Exercise instructions
Identify every line in the records below that contains the word "fine", and reproduce each one.

'''

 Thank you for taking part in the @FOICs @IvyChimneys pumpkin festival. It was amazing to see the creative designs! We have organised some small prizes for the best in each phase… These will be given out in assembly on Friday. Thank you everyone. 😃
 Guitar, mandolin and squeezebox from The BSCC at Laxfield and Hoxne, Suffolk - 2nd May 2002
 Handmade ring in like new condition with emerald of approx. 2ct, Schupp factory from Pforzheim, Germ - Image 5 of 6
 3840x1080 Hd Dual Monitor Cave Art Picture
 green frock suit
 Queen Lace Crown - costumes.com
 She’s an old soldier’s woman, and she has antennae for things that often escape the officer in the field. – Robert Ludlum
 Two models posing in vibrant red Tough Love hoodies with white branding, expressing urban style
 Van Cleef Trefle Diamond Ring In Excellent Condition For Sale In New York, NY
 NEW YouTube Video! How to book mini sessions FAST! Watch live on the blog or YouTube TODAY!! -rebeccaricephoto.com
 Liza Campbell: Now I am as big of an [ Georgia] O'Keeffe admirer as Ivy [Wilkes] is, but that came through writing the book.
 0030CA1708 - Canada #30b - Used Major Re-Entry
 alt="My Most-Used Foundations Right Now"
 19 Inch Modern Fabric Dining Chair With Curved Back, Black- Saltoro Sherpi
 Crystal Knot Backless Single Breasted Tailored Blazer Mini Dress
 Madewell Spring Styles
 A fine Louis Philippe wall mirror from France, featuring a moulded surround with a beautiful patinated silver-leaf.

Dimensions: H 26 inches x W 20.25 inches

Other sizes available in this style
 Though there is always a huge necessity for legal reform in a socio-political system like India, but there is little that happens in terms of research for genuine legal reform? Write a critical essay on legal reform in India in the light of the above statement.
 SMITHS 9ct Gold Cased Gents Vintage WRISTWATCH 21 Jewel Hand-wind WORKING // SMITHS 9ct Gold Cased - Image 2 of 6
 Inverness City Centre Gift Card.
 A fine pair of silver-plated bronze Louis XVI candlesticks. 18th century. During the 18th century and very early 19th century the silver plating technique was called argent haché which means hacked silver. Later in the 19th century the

'''

Exercise output
 A fine Louis Philippe wall mirror from France, featuring a moulded surround with a beautiful patinated silver-leaf.
 A fine pair of silver-plated bronze Louis XVI candlesticks. 18th century. During the 18th century and very early 19th century the silver plating technique was called argent haché which means hacked silver. Later in the 19th century the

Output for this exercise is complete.